What’s going on? I would suggest that one of the key reasons for EII’s mixed picture of success is that vendors have begun doing what they should have done three years ago: leverage EII tools’ metadata repositories as separate products/value-add. Metadata management is now In, to the point that even Microsoft and EMC are now talking about enterprise-wide metadata repositories (and realizing just how tough the job is). In other words, some of the revenue and visibility that are derived from EII products are now showing up under the heading of master data management and composite apps (along the lines of Denodo’s “data mashups”) instead of being credited to EII.

This is not to say that EII is the only source of an enterprise metadata repository; EAI (Enterprise Application Integration) tools like IBM’s Ascential, data-search tools like EMC’s Tablus, and “pure” repository plays like Syspedia are other tools that can be used as the foundation of an enterprise-metadata-repository product. Still, I would argue that EII tools have virtues that none of the others share, or at least to the same extent. Specifically, creating a good repository is key to the success of a good EII implementation; such repositories are often used for querying apps, so optimizing query performance should be considered; and EII tools do both automatic discovery of a wide variety of automated data sources and support for hand-definition of data relationships and data with different names but the same meaning (“customer ID” or “buyer name”). Contrast this with EAI, which is usually restricted to a narrower range of structured data, is often handed the metadata rather than discovering it, does not have to consider real-time performance in queries, and often doesn’t provide support for the kind of data reconciliation involved in master data management. I was reminded of this recently, when I talked to Composite Software about a new Composite Discovery product whose foundation is an innovative way of discovering “probable” relationships between data items/records across data sources.

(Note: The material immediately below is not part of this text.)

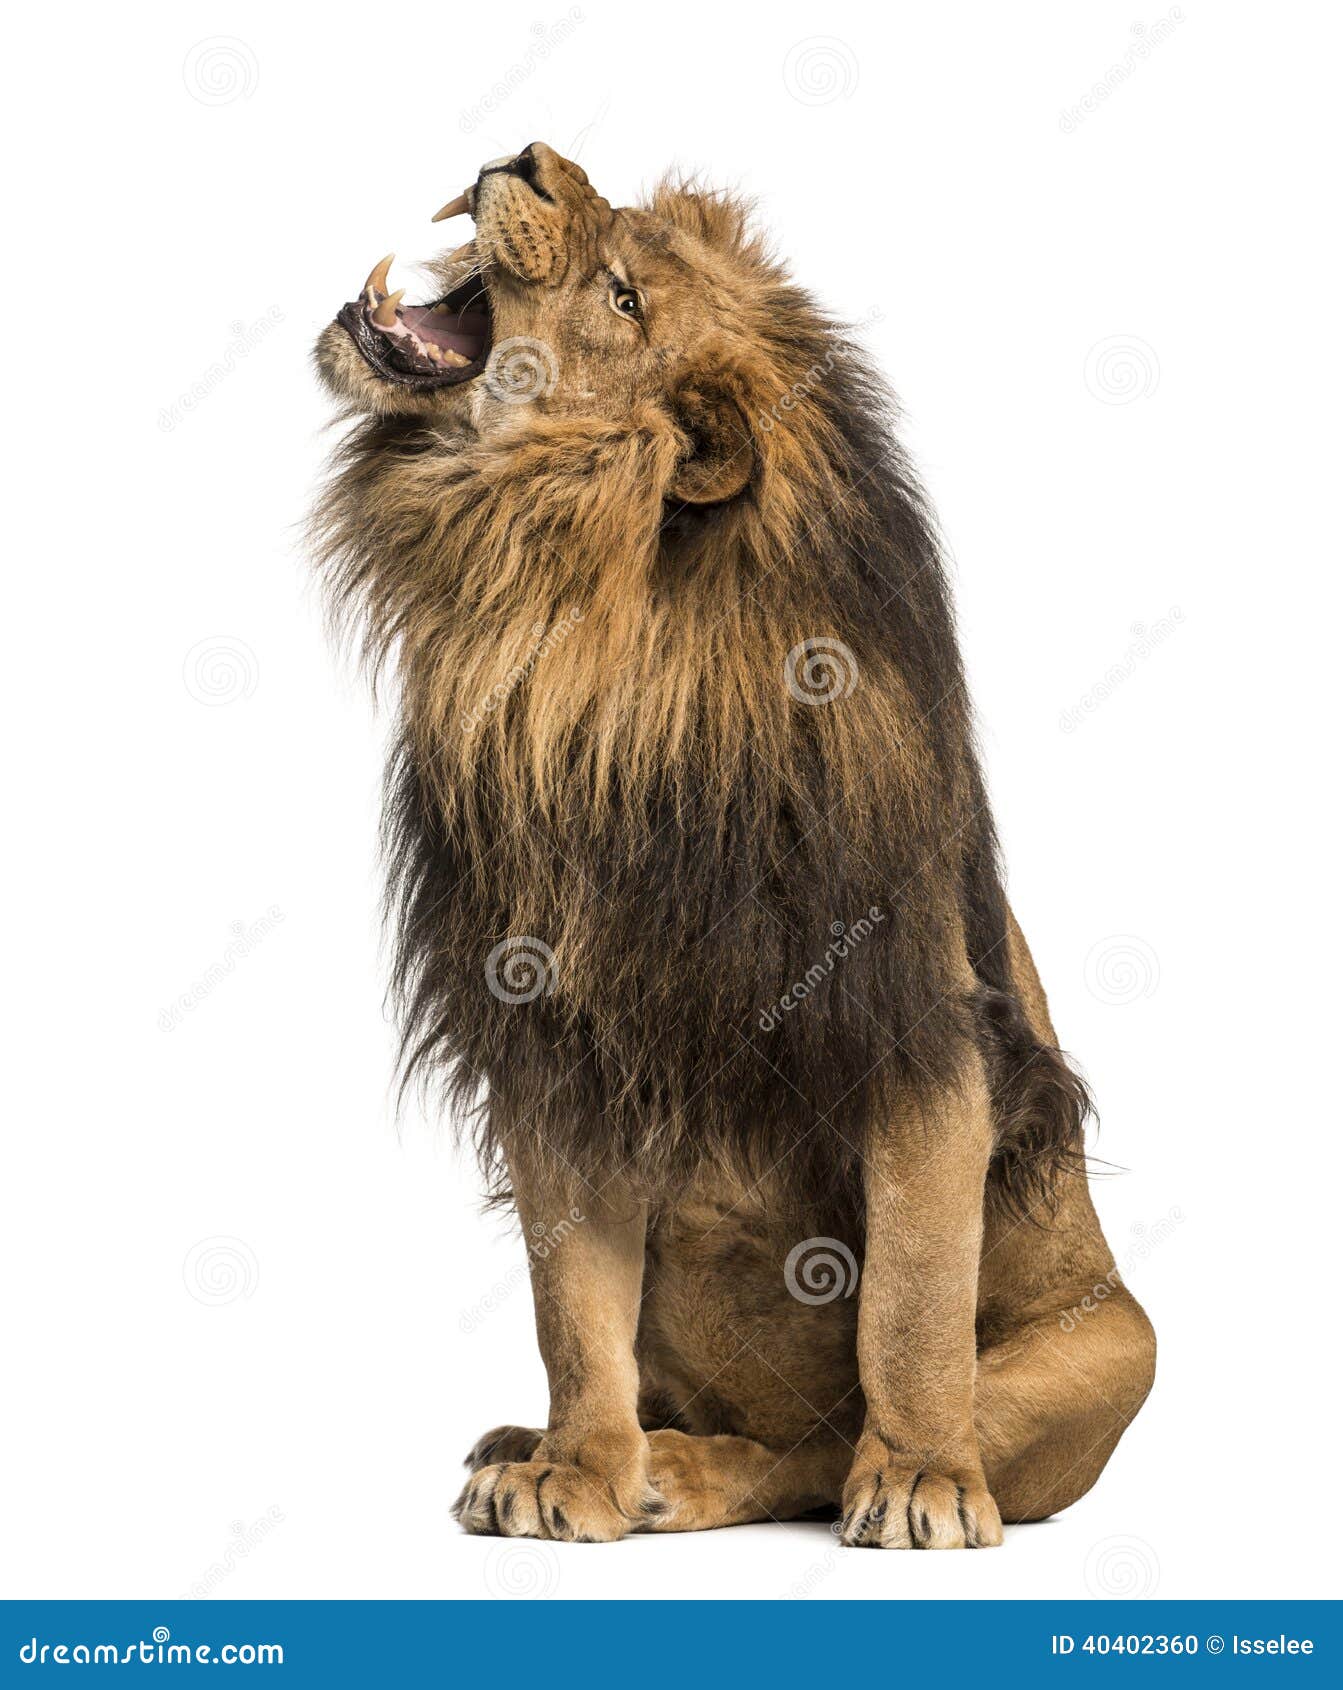 lion roaring, sitting, panthera leo, 10 years old

So the EII market is doing quite well, thank you, even if many of its pioneers have been folded into larger companies. However, EII remains under-utilized by large infrastructure-software vendors, not because their users don’t appreciate their EII implementations, but because vendors aren’t giving visibility to their EII technology’s usefulness in larger projects such as master data management and composite-application development. Where are the EII tools of yesteryear? Doing well; but not visibly enough.